Fourth, when Rudolf Jung was not being a Sectarian by searching for the so-called “Jewish spirit” in “Capitalism and Judaism,” he was addressing the problems of Liberal Capitalist financial institutions and monetary policies from a Socialistic perspective. The parts which I know are the most relevant is where he described the problems of Kapital, in its Liberal Capitalist conception, never being bound to any national or cultural identity. It is essentially scathing condemnation of the Fractional-Reserve Banking System, the financial markets and commercial banks that generate Kapital without doing any Meaningful Work, the Floating Exchange Rates (having currency exchanges valued by Supply and Demand), and the Economic Liberalization imposed by international institutions like the IMF and World Bank. The charging of Interest Rates to control the Inflation/Deflation Rate only makes things even more absurd.

The central argument to be posited here is whether Currency Depreciation/Appreciation, with respect to Arbeit and Geld, can be measured through different metrics and controlled without devolving into “Interest-slavery.” I am instantly reminded of Jung’s advocacy for Currency to have a national identity, an idea rooted in his critiques of Silvio Gesell’s Freigeld from “Der nationale Sozialismus.” I am also reminded of the need for a “Reciprocal-Reserve Banking System” and its own financial instruments as well as the need for conventional lending and borrowing to revolve around Arbeit and Geld. Doing so will limit the predatory tendencies of the banks and set the stage for a different set of financial institutions that have the interests of the Volksgemeinschaft at heart.        

Moreover, an entirely new and mathematical sound set of equations and formulas by which to gauge the Arbeit and Geld is ripe for the development of a distinct method of accounting. After all, if Cryptocurrencies–arguably the epitome of what Jung found detestable in Kapital–can come up with “Triple-Entry Account Bookkeeping” for Blockchain technology applications, why not Arbeit and Geld?   

And fifth, Gregor Strasser in “The Slave-Market of Capitalism” deplores the constant cycle of involuntary unemployment and underemployment that is so common in Liberal Capitalism. It does not always happen from Recessions or even Depressions. Similar effects can also be found where there are disruptive introductions of Technologies that inadvertently cause unemployment and underemployment. Even more problematic is the fact that Liberal Capitalism abhors the dignity of Arbeit when it promotes Producerism and Consumerism. Together with the annoyances of advertising things which people neither needed nor wanted, the need to constantly judge oneself and others based on how much they can afford with Kapital can lead to low self-esteem, unrealistic expectations of one’s place within the nation. Environmental degradation and resource depletion can arise from letting Technology develop without any concern for the environment or the nation.

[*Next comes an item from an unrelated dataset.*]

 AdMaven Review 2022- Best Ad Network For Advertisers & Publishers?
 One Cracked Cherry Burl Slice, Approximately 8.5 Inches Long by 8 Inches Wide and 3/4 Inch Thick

At the heart of these issues lie the exaltation of Meaningless Work by Liberal Capitalism. Meaningless Work is condoned as a means to achieve Kapital Accumulation. So much of one’s everyday efforts is poured into always making sure that they will “make ends meet” (as the American saying goes) that not enough attention is given to the finer things in Life, like family and friends, fulfillment of one’s Vocation, or the realization of lifetime ambitions. Worse, the proliferation of Meaningless Work has gone in tandem with the uncontrolled advancement of Technology, a problem which has been exacerbated by Globalization after the 1970s and the World Wide Web (WWW) since the 1990s.  

Those are all of the areas where I found stark parallels that Pan-Germanic Socialism has with other Pure Socialisms as far as the Work-Standard is concerned. As I have learned from my own research, the qualification of any ideology to be designated as a Pure Socialism, before being further classified as “Scientific” or “Artistic” is dependent on their relation to Arbeit.